1. Technical Field
The technical field relates to a positioning system of a sweeper, and a positioning method for the positioning system.
2. Description of Prior Art
Recently, the market presents a sweeper, which can be used for cleaning the indoor space automatically by itself, and the trouble of the traditional user which needs to clean up manually by using a broom or a vacuum cleaner is avoided.
This kind of sweeper usually has a specific positioning system for efficient cleaning. By using the positioning system, the sweeper not only knows its current position, but also records that the current position is already cleaned or not. Therefore, the sweeper will not get lost during the cleaning actions, or clean the same position which was already cleaned. As a result, the cleaning efficiency is raised because of the sweeper.
General speaking, the sweeper usually achieves the above mentioned positioning function via an embedded positioning device. However, the most-common positioning device (such as global positioning system (GPS) device) is too expensive, if the sweeper mentioned above is equipped with this kind of positioning device, the cost of the sweeper will raise substantially, and it will reduce the purchasing desire of the user.
Please refers to FIG. 1, which is a schematic diagram of positioning system according to related art.
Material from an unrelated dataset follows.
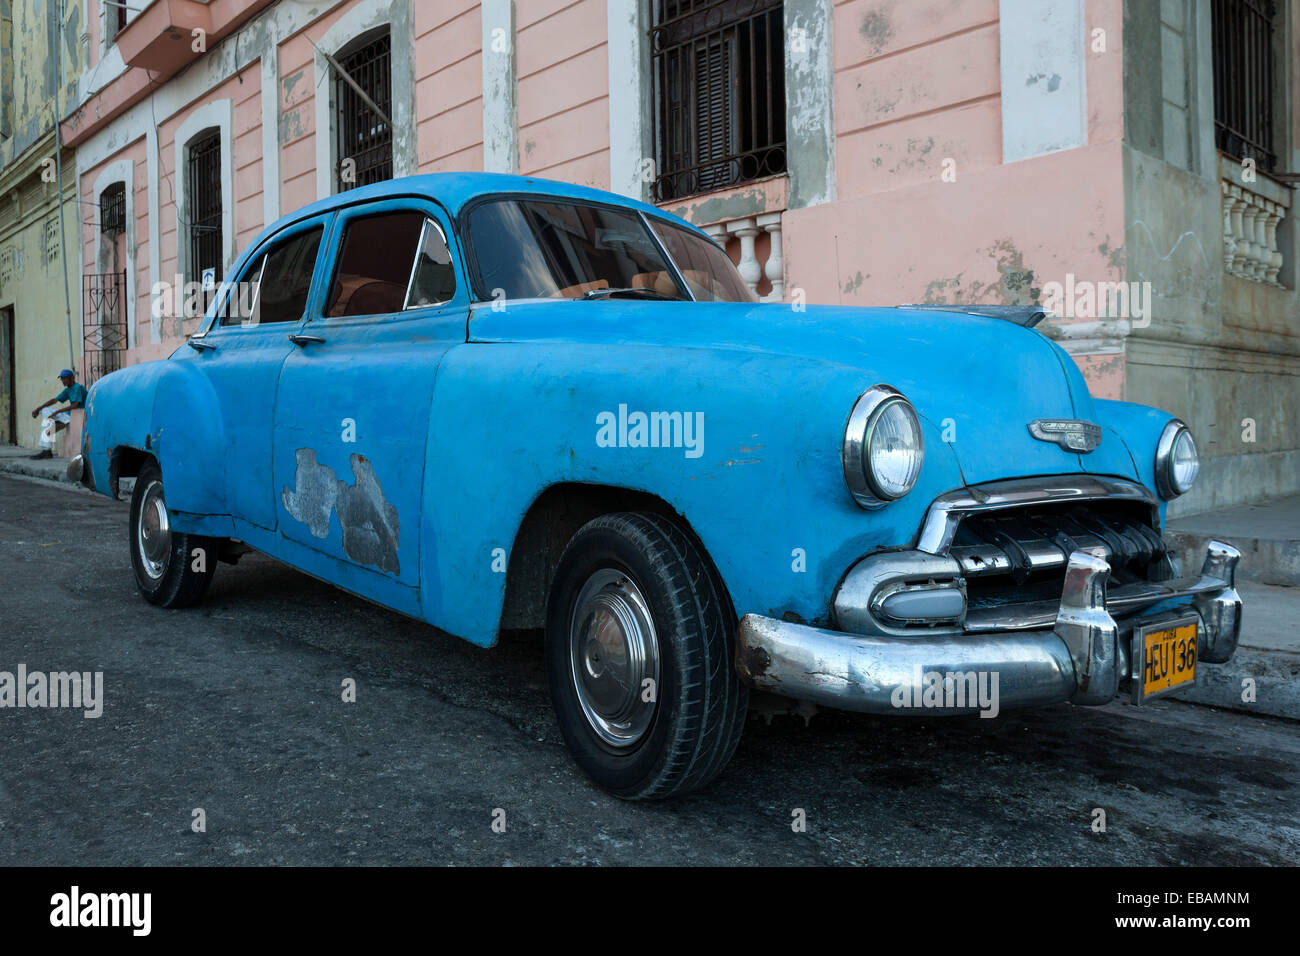 Vintage Chevrolet from the 1940s, Havana, Cuba Stock Photo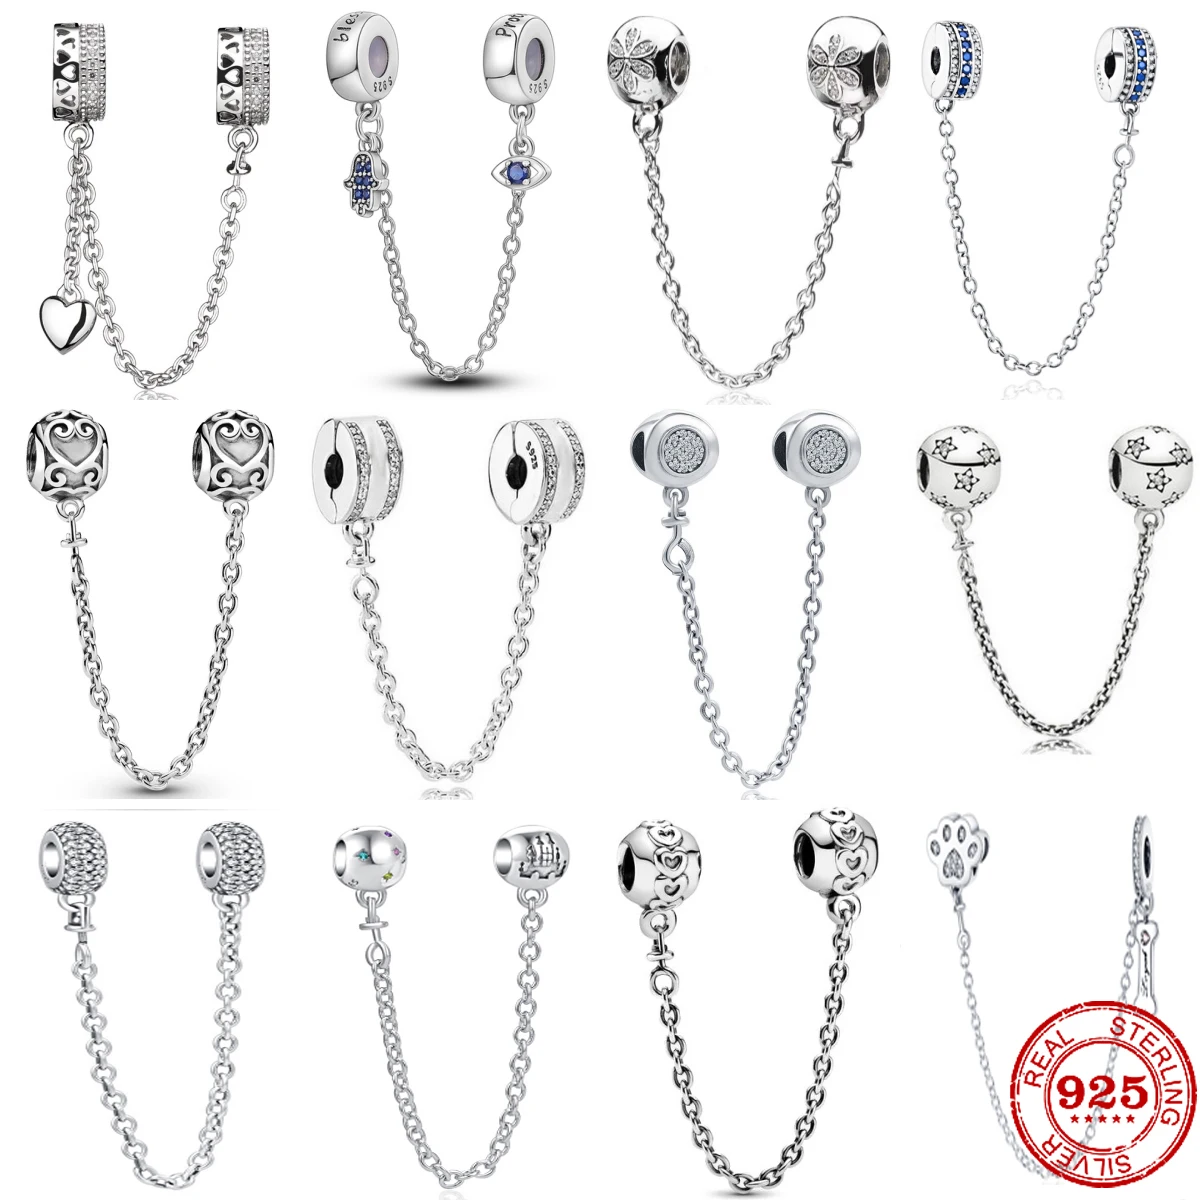 

Silver 925 Sparkling Clear Sparkle Crown Pea Safety Chain Charm Bead Fit Original Pendant Bracelet Pendant DIY Jewelry For Women

FIG. 1 discloses an indoor space 1, the indoor space 1 comprises a floor 11 and a ceiling 12, and a traditional emitter 2 and sweeper 4 are put on the floor 11.
As shown in FIG. 1, the emitter 2 has a lighting component 21 arranged on a top face, the lighting component 21 emits upward a vertical light externally for forming a fixed orientation spot 3 on the ceiling 12. The sweeper 4 has a detecting component 41 thereon for detecting the light of the orientation spot 3.
In the related art, the position of the orientation spot 3 is fixed, so the sweeper 4 regards the orientation spot 3 as the Polaris, and executes a positioning action according to the orientation spot 3 as the same as human uses the Polaris to do so. Therefore, no matter where the sweeper 4 is, it can determine the current position approximately via detecting the orientation spot 3.
However, if the sweeper 4 uses the above method to execute the positioning action, it can only determine an approximate position according to the orientation spot 3. More specifically, in the related art, the sweeper 4 cannot know an exactly position directly, so the positioning accuracy is not so well. Further, if the emitter 2 needs to record the cleaning actions of the sweeper 4 (for example, which positions are cleaned completely), it needs to wait for the sweeper 4 passively until the sweeper 4 completes determining its current position and reports the position information to the emitter 2. The above method is not so convenient for the user who needs to record the detailed cleaning actions of the sweeper 4.